The trigger is National Security Presidential Memorandum 11, which President Trump signed June 5. It orders the Pentagon to update Directive 3000.09, the policy for developing and fielding autonomous and semi-autonomous weapons, within 90 days, then review it every year, the Council on Foreign Relations noted. The memo rolls back Biden-era oversight.
Directive 3000.09 dates to 2012 and was last revised in 2023. It requires that autonomous weapons work as intended, stay geographically bounded, allow for termination, and resist adversarial manipulation, Gallego wrote. Such systems use sensors and algorithms to find, identify and strike targets without manual human control, per a Congressional Research Service primer DefenseScoop cited.

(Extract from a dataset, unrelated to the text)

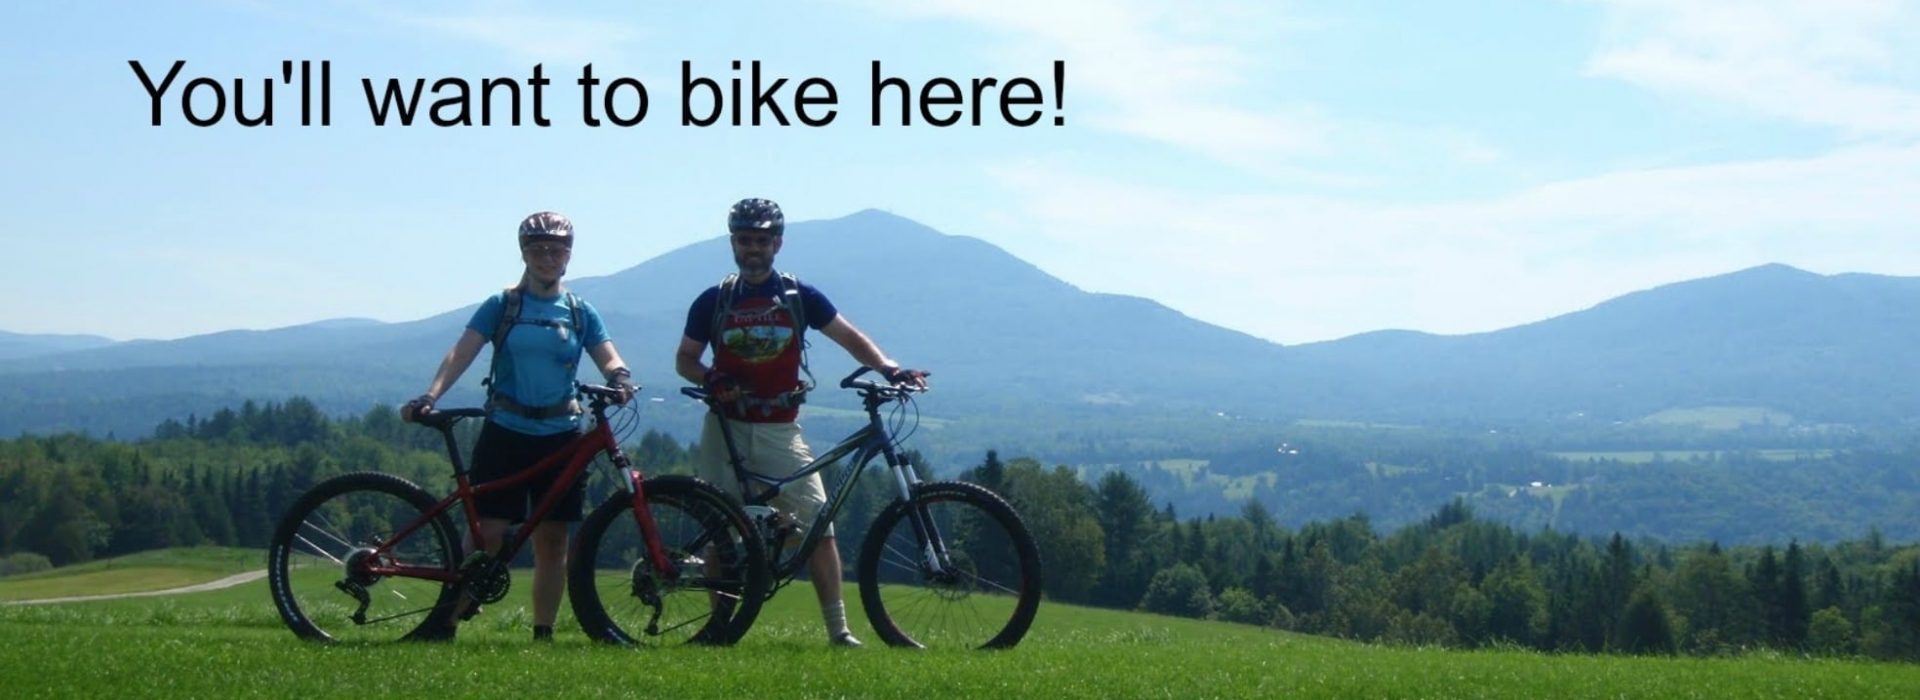 two people standing next to their mountain bikes on a grassy hill.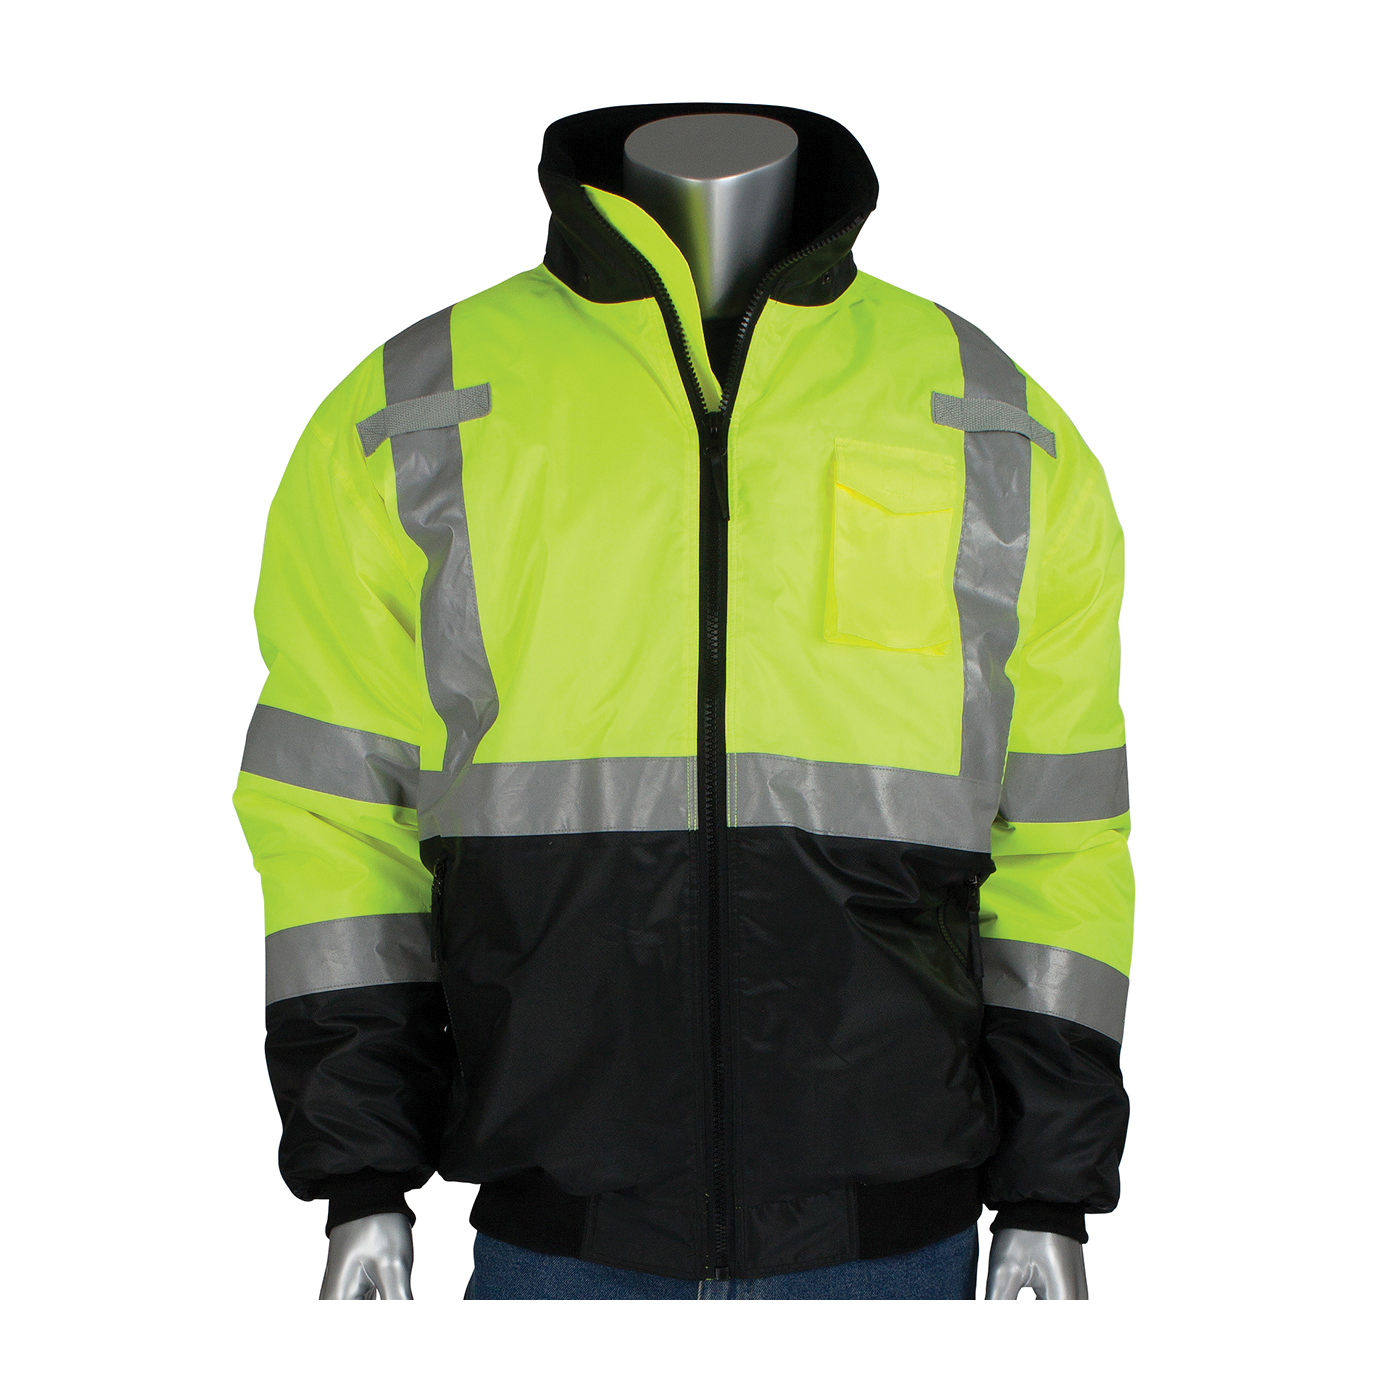 PIP® 333-1740-LY/5X Bomber Jacket, Black/Hi-Viz Lime Yellow, Polyester, 74 in Chest, Resists: Water, ANSI Type R Class 3

Gallego, a Marine Corps combat veteran, warned that cutting those safeguards on a compressed clock risks friendly-fire and civilian-harm incidents, and that adversaries could trigger them on purpose by manipulating hastily fielded systems, costing the US basing or overflight rights. He asked whether the new Defense Autonomous Warfare Group has anyone assigned to civilian-harm mitigation, and set a June 26 deadline for answers.
He is not the only one. Sen. Adam Schiff filed a bill on June 8 that would force a named commander to hold final authority over any autonomous strike. CSIS argued the rewrite will matter only if it fixes the definition of "autonomous weapon system" itself.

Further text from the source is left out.